そして昼休みが終わる、流石に朝っぱらから4時間以上も寝れば眠気は飛ぶ、昼からは真面目に授業を受けてやるつもりだが・・・・・・・やはり中等部棟の話は気になった。
気も漫ろに午後の授業を終え、掃除を終え、ショートホームルームを終え、周りは帰り支度を始めた。
「根暗、今日は病院行くの?」
「いや、今日は少し用事がある。行くなら一人で行ってくれ。」
病院とは俺の1番の友人が今現在いる場所だ、少し前に色々あって入院しているところだ。
「用事?何かあるの?」
「歯医者」
「へー、虫歯でも出来た?」
サボりの定番だがこいつには通じるようだ。かばんに教科書を詰め教室を出る。
「まあな、軽いからちょっと削るだけさ、じゃあな高梁。」
「バイバ~イ、ホウライエソ!」
高梁は走って学校を出て行った。まだ言ってやがるのかホウライエソ、これは暫く定着しちまいそうだな。
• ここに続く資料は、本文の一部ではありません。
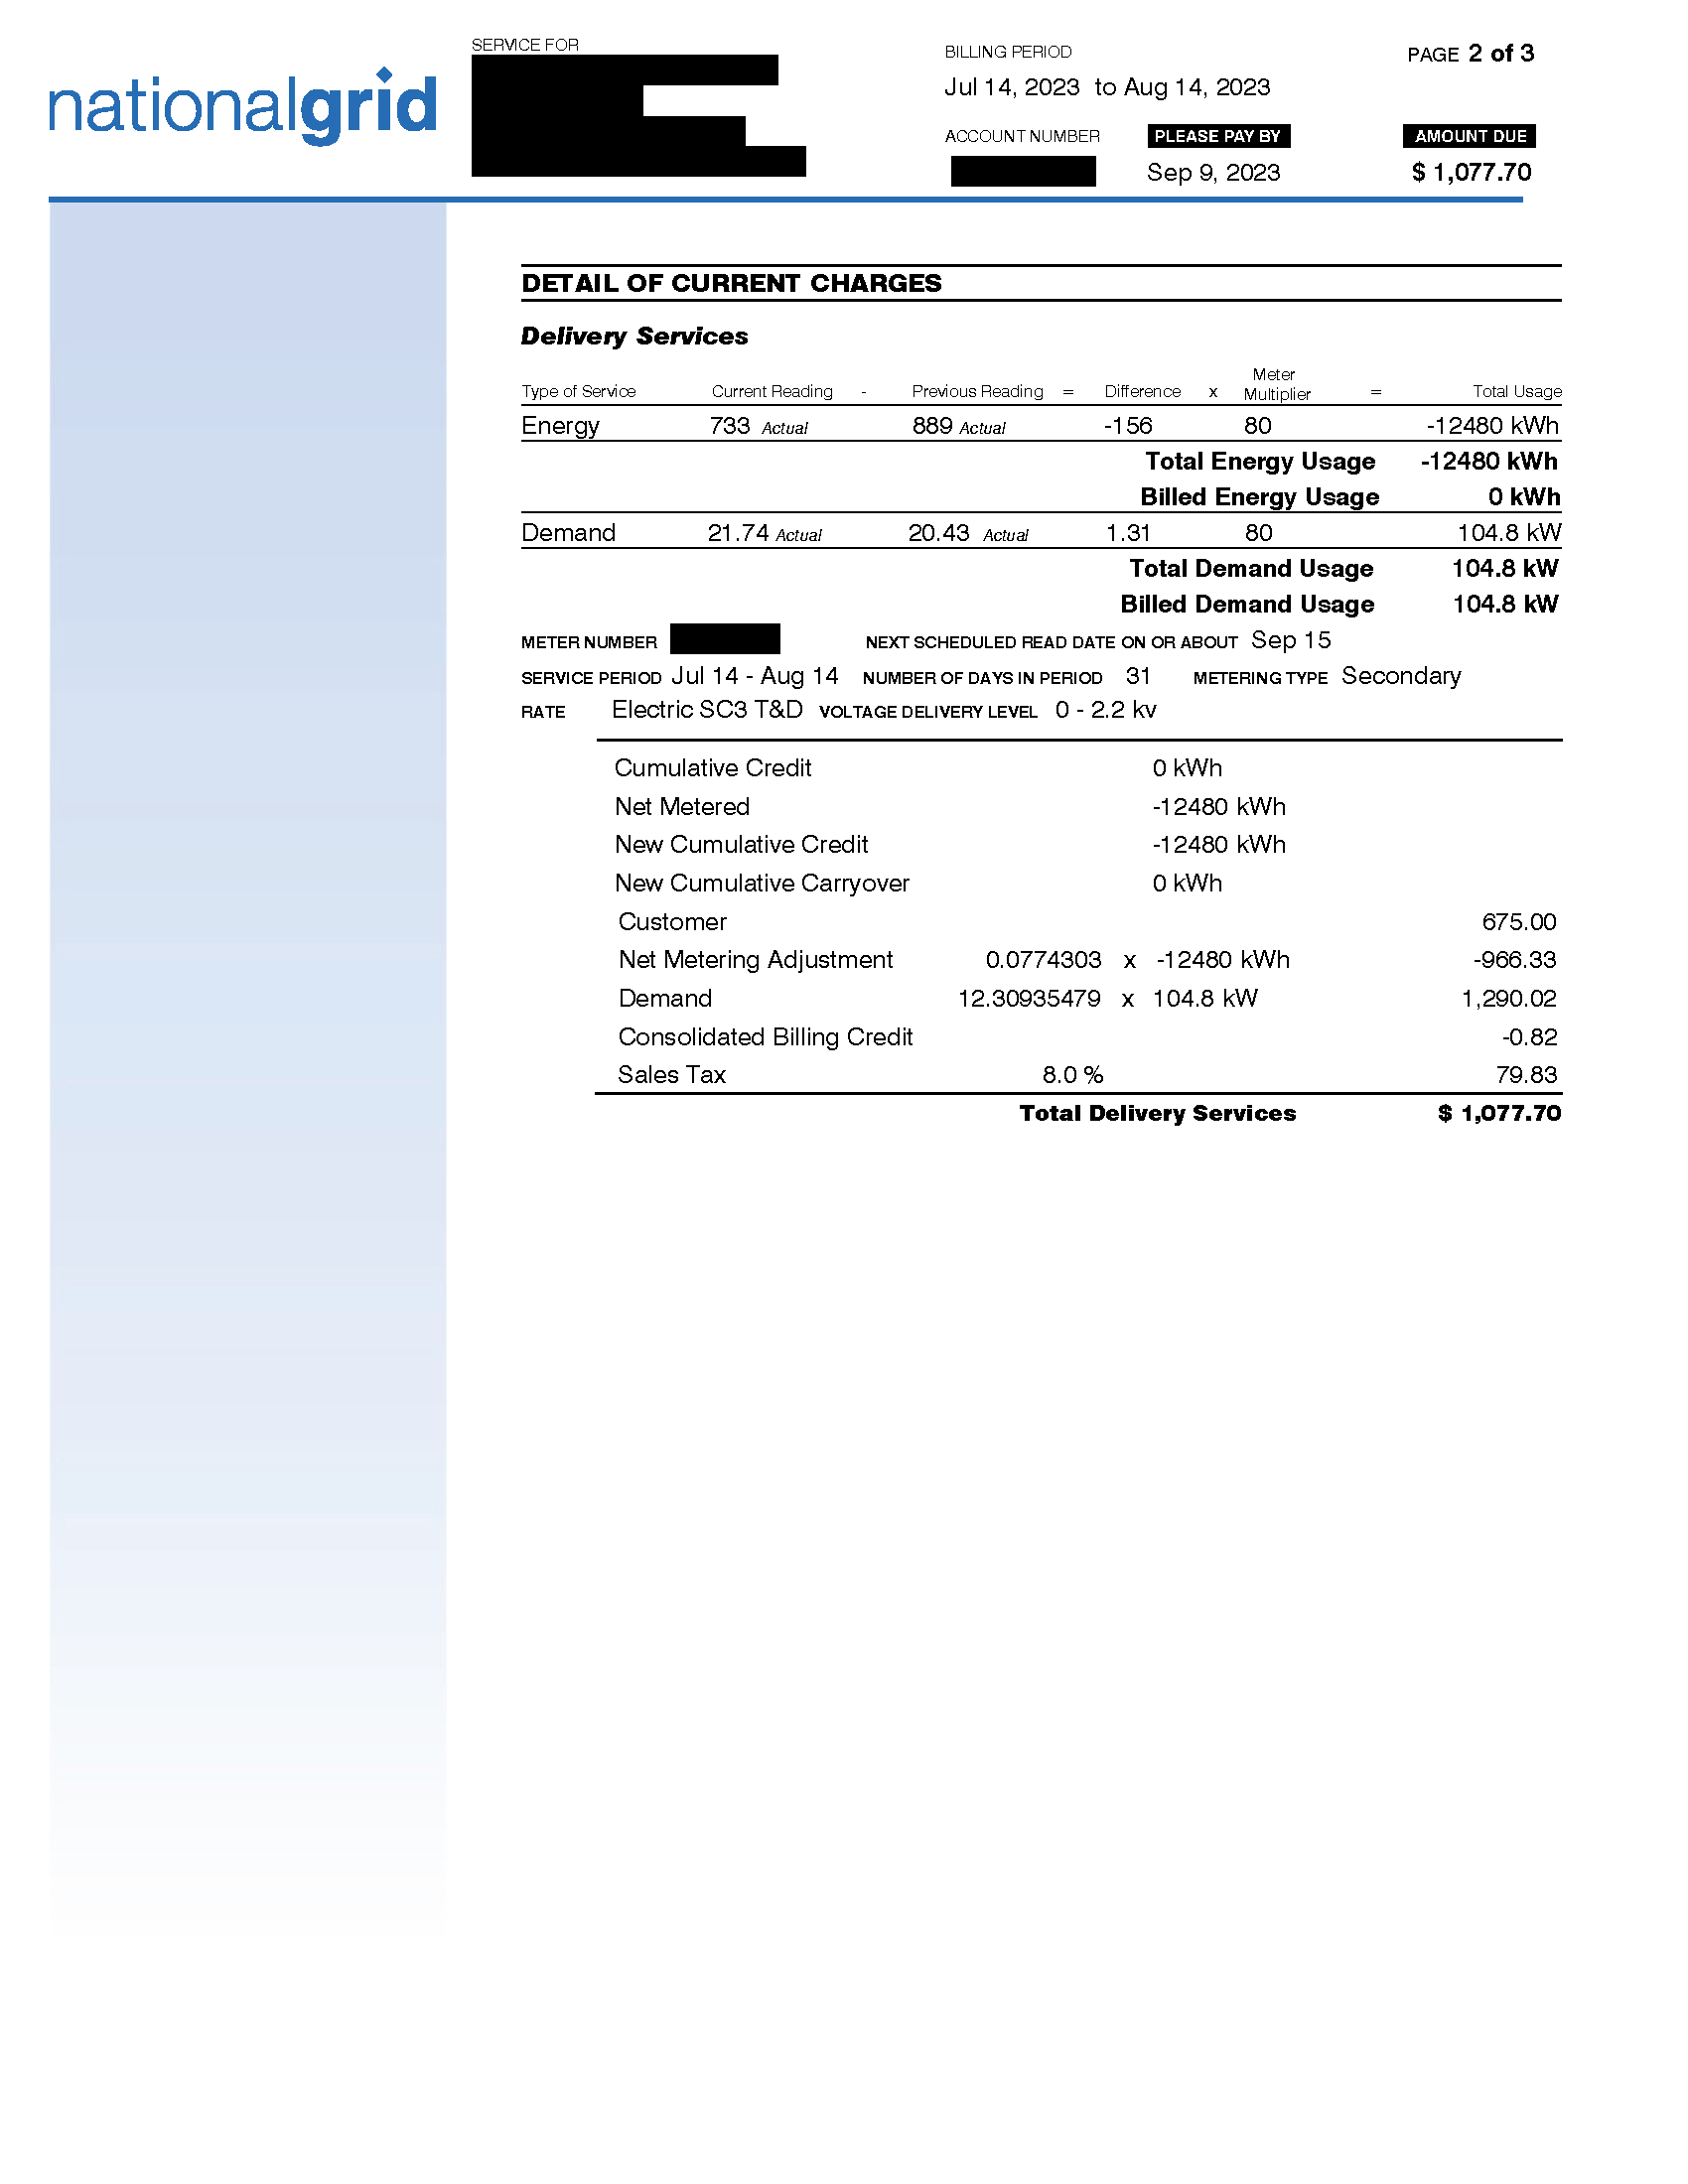 Rooftop Solar Bill - Page 2
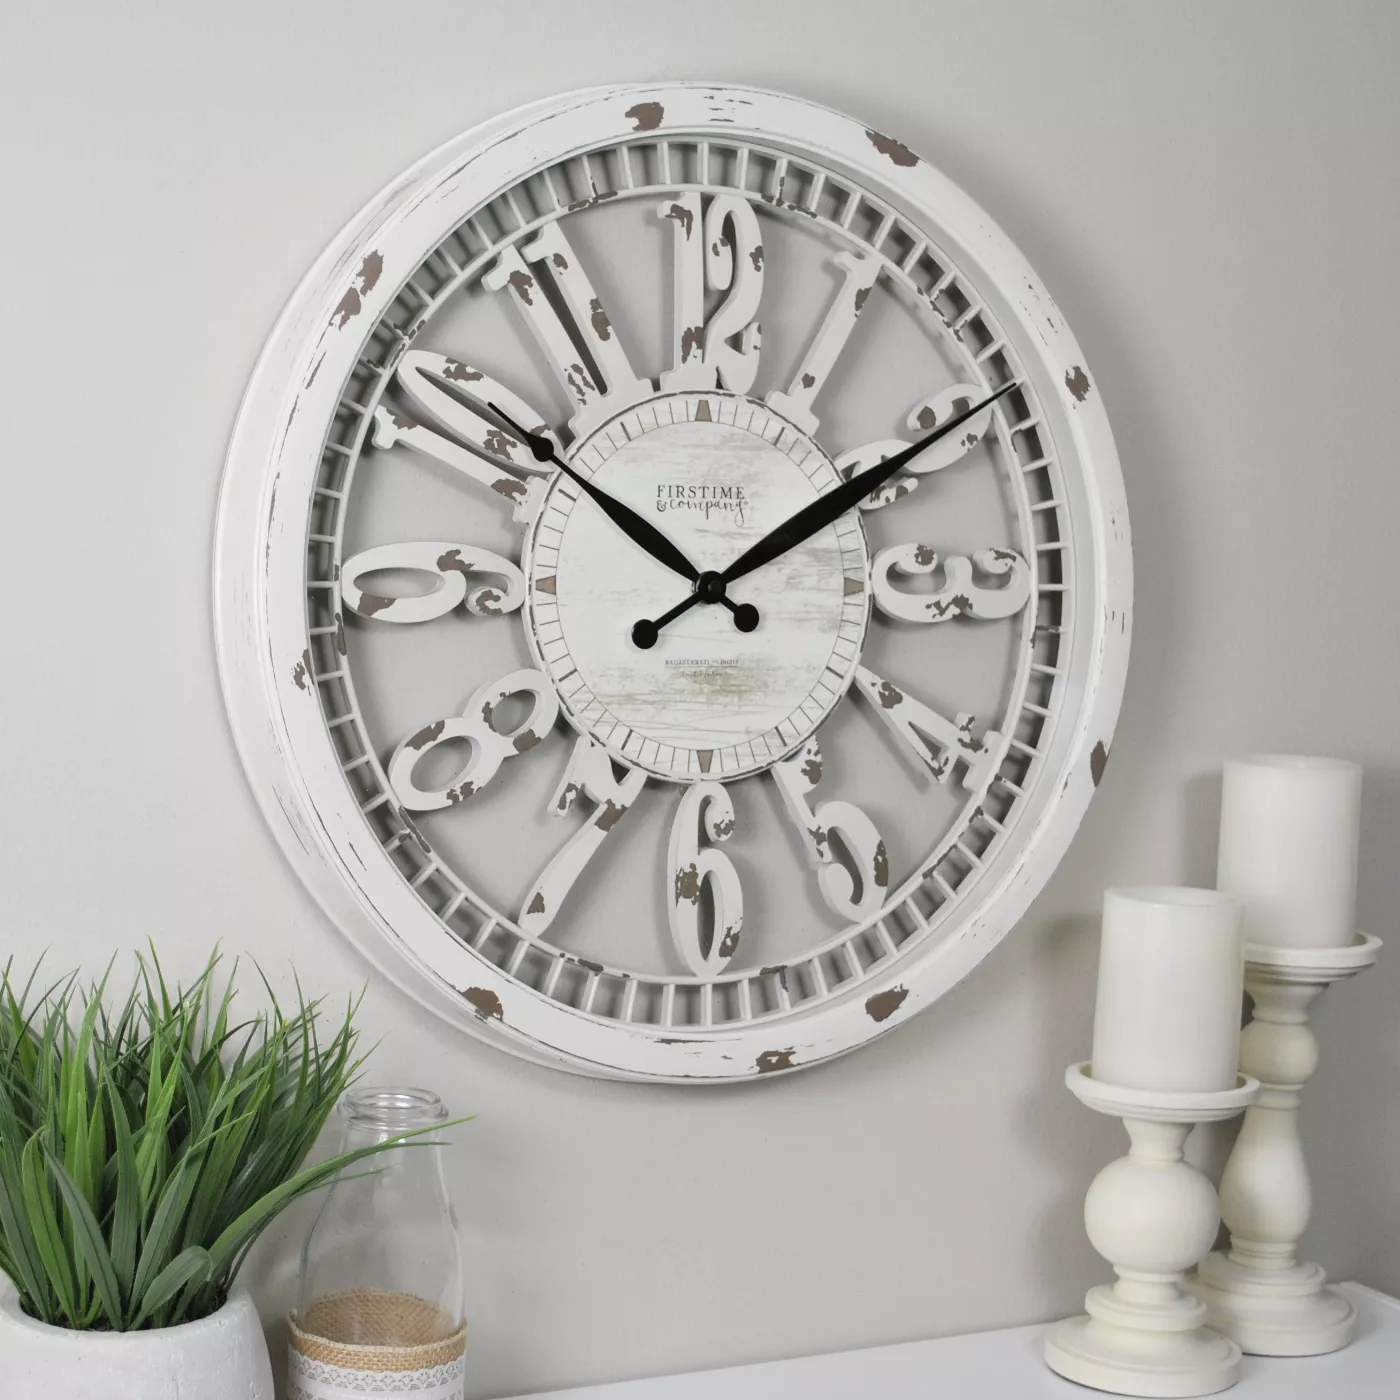 20" Whitney Farmhouse Wall Clock Antique Cream - FirsTime & Co. - image 1 of 7

俺は帰らずに図書室へ向かう、3~6組を滅茶苦茶にしたなら1~2組だって何かやるかもしれない。だが夜に何かが起こるのは間違いないだろう。
図書館に人はまばらだ、司書の教師以外には真面目そうな生徒が数名勉強する他には隅っこの方でゲームをする暇人どもがチラホラ。俺は適当に興味のある本を棚から抜き広げる、夜に学校に侵入するのは困難だ、夜に学校にいようとすれば残るしかない。
「やってられねえ」
図書室に入ったのが3時半過ぎ、現在時刻は6時。本は読み終わってしまったが閉館時間、図書室を追い出されて行き場がなくなってしまった。さてどうするかな、取り合えず中等部棟へ向かう。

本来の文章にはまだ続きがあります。